**Goal of the exercise**
Only the lines below from the one with "2019-12-06-032" through the one with "UNA PESETA GOBIERNO" are to be written out, exactly and without any images.

**Materials provided**
--- START ---

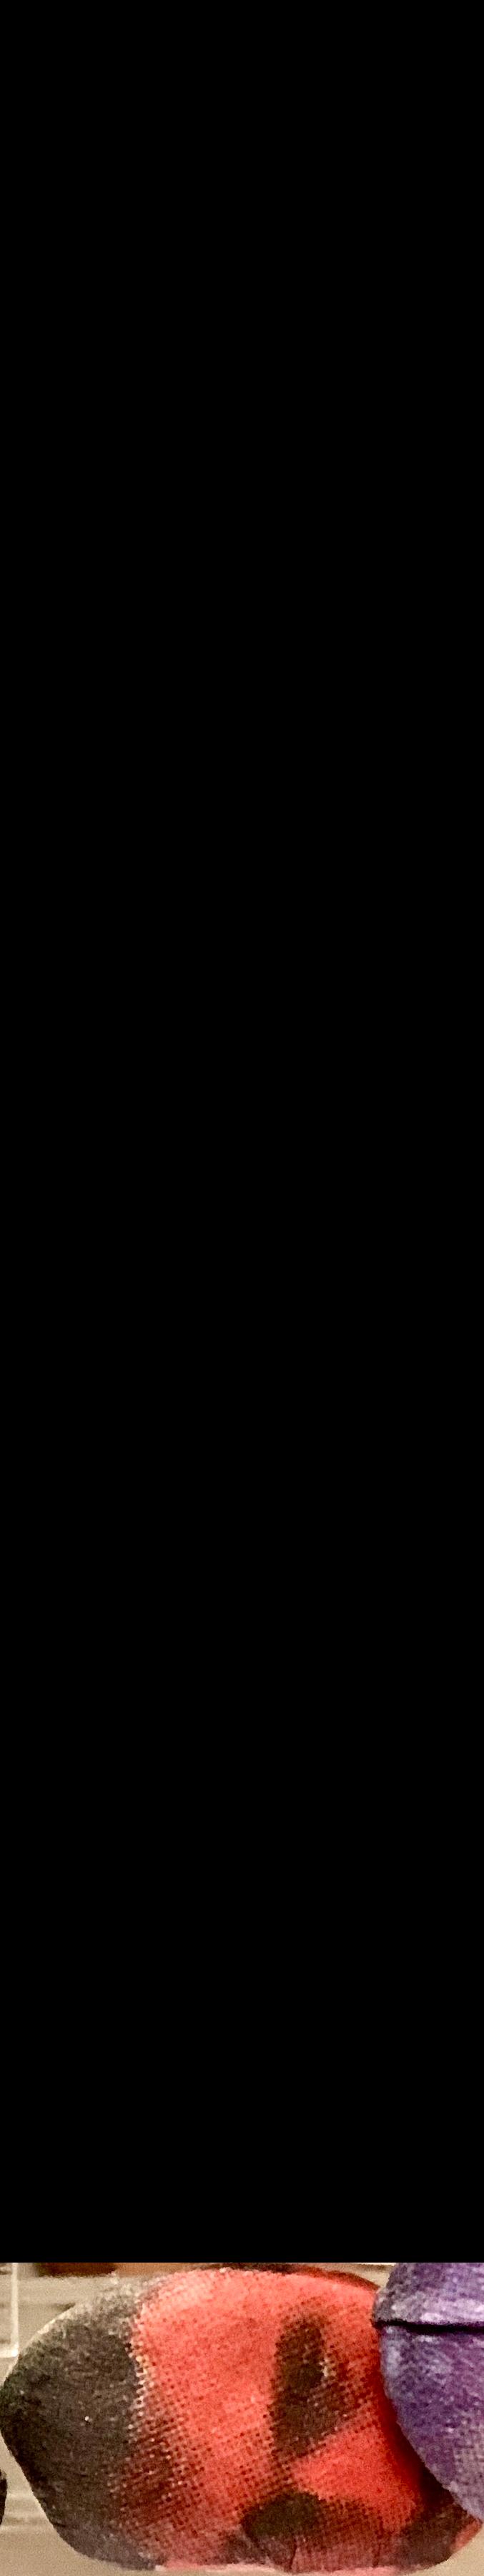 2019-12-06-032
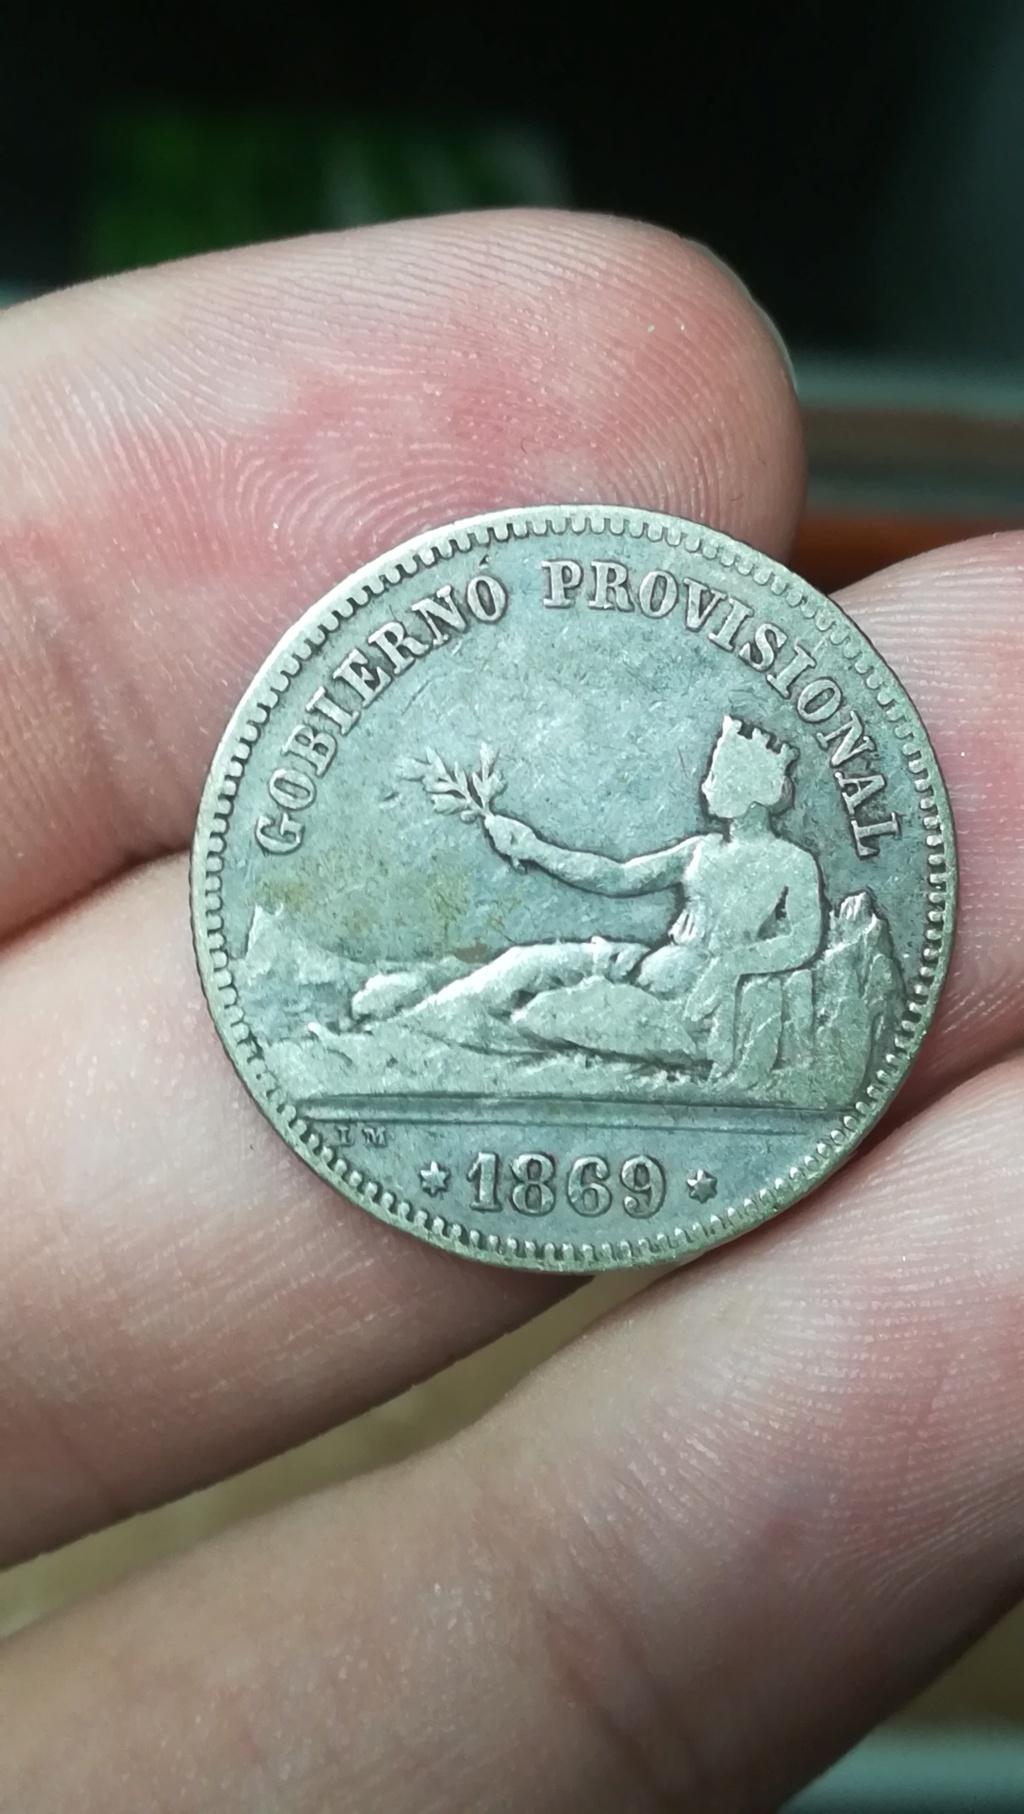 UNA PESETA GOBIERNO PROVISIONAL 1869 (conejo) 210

--- END ---
--- START ---

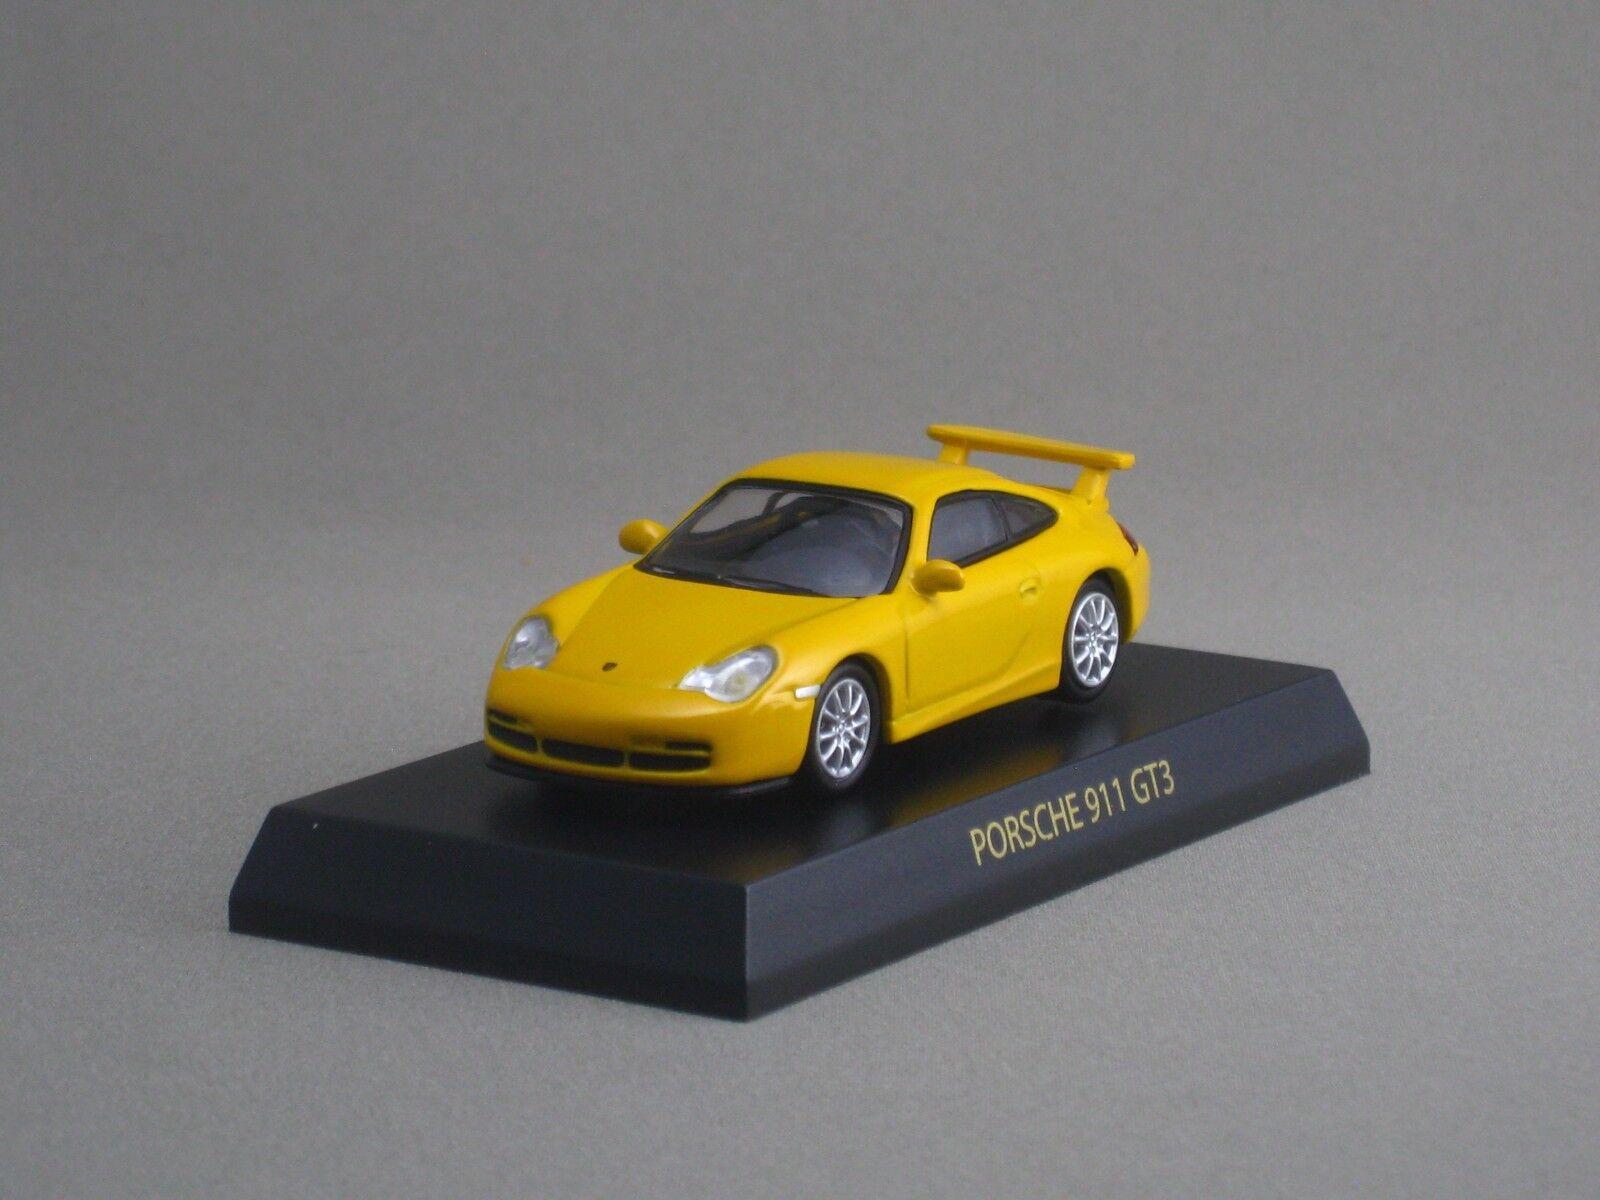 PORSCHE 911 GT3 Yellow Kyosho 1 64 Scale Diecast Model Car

--- END ---

**Completed exercise**
 2019-12-06-032
 UNA PESETA GOBIERNO PROVISIONAL 1869 (conejo) 210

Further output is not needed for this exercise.